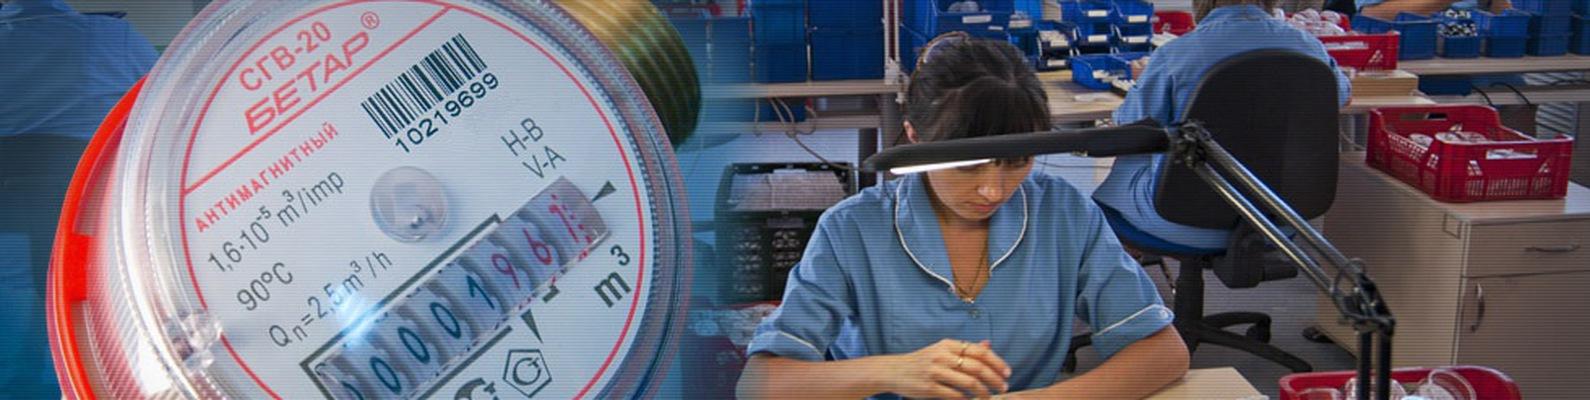 Установка, замена и регистрация счетчиков воды в нежилых помещениях
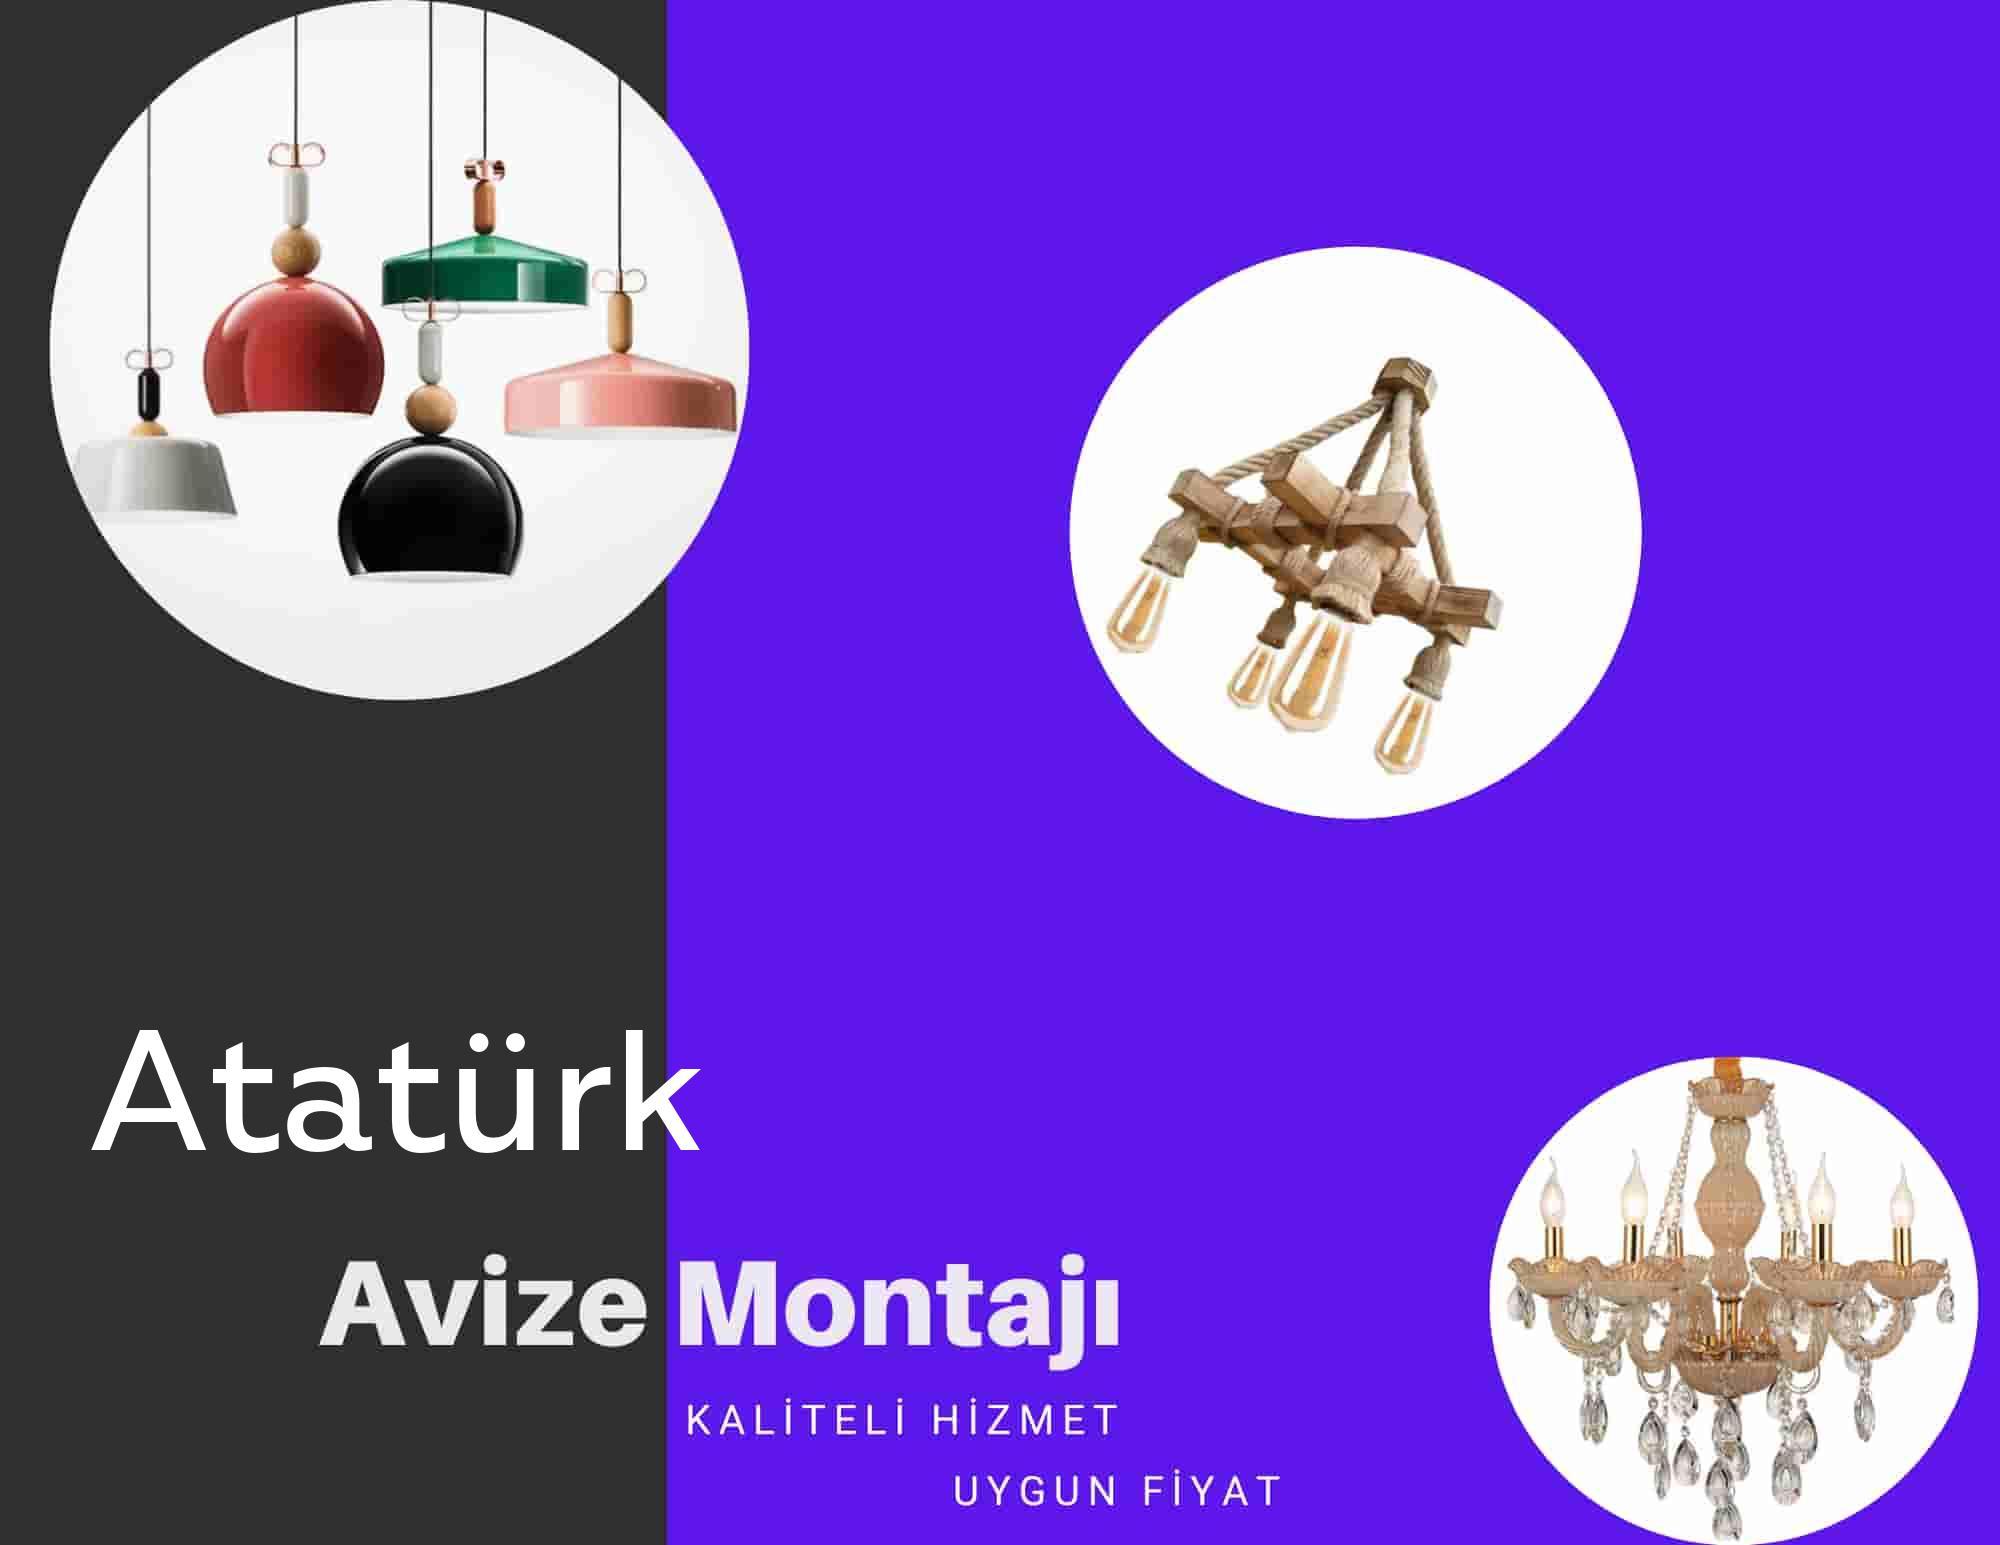 Atatürk de avize montajı yapan yerler arıyorsanız elektrikcicagir anında size profesyonel avize montajı ustasını yönlendirir.
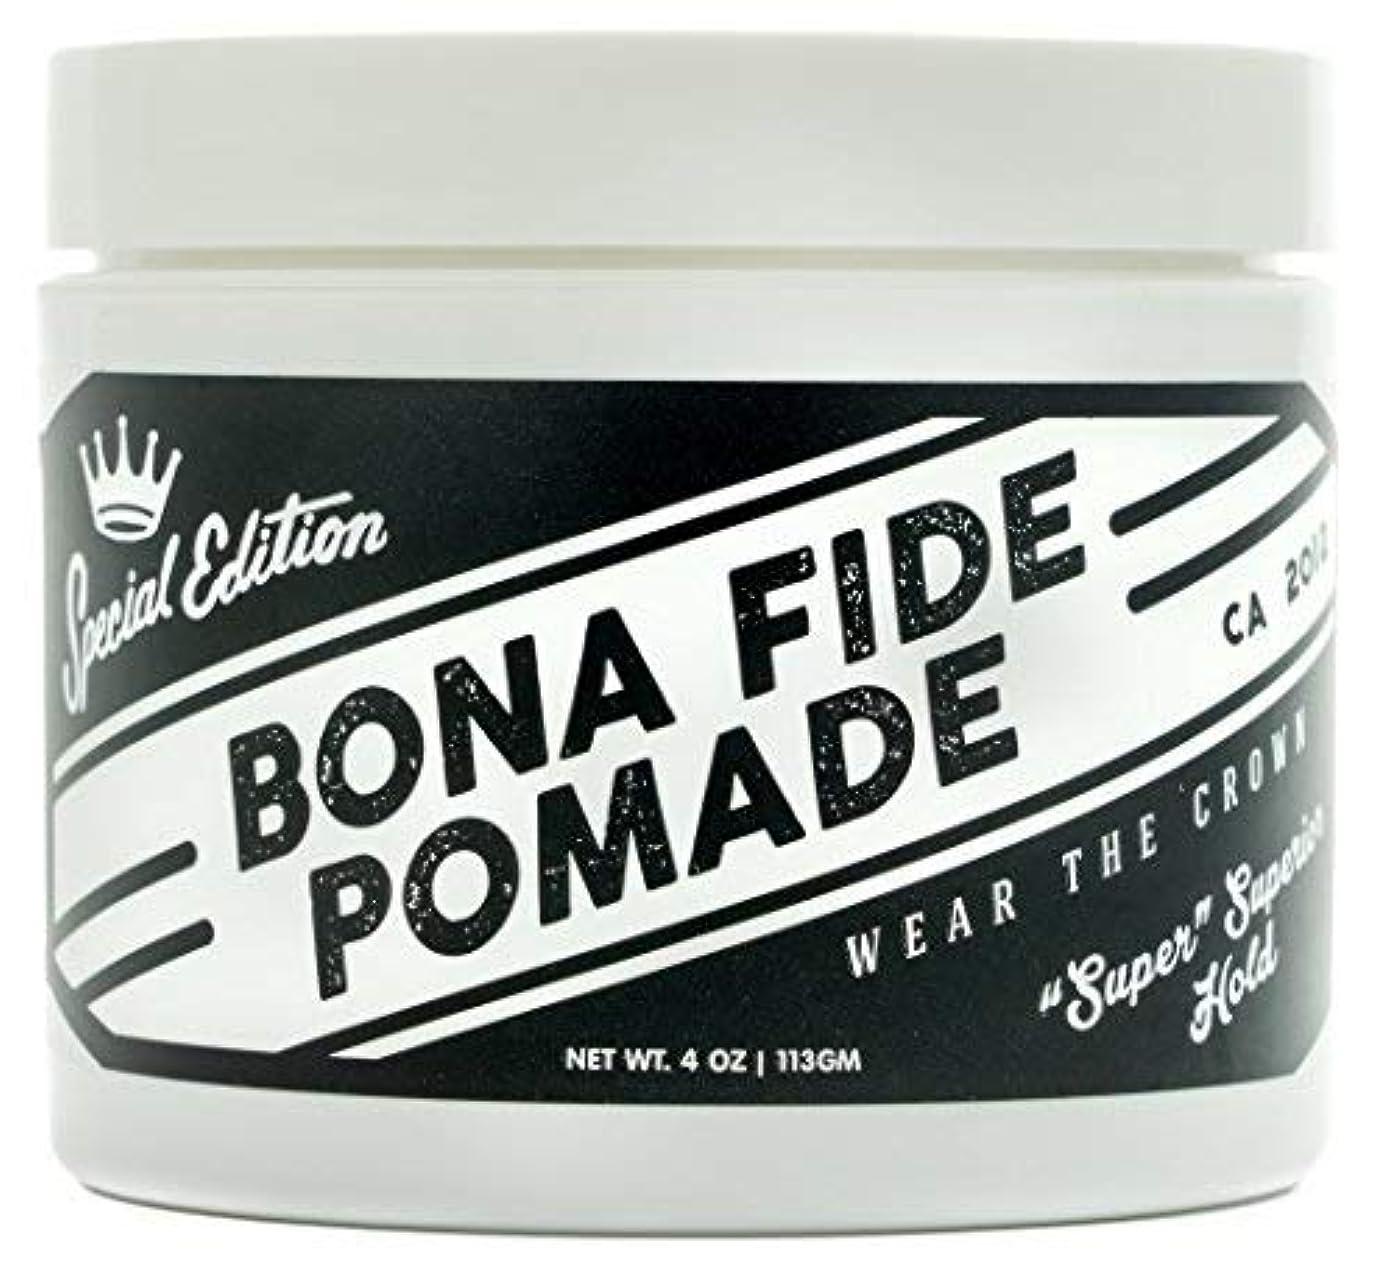 ネックレット細胞モールBona Fide Pomade, スーパースーペリアホールドSE, 4OZ (113g)、水性ポマード/ヘアー グリース (整髪料)

YOUR ASSIGNMENT :: Since the pictures are not wanted, repeat only the rest of the material, exactly as given.

RESPONSE BOX ::
 Установка, замена и регистрация счетчиков воды в нежилых помещениях
 Atatürk de avize montajı yapan yerler arıyorsanız elektrikcicagir anında size profesyonel avize montajı ustasını yönlendirir.
 ネックレット細胞モールBona Fide Pomade, スーパースーペリアホールドSE, 4OZ (113g)、水性ポマード/ヘアー グリース (整髪料)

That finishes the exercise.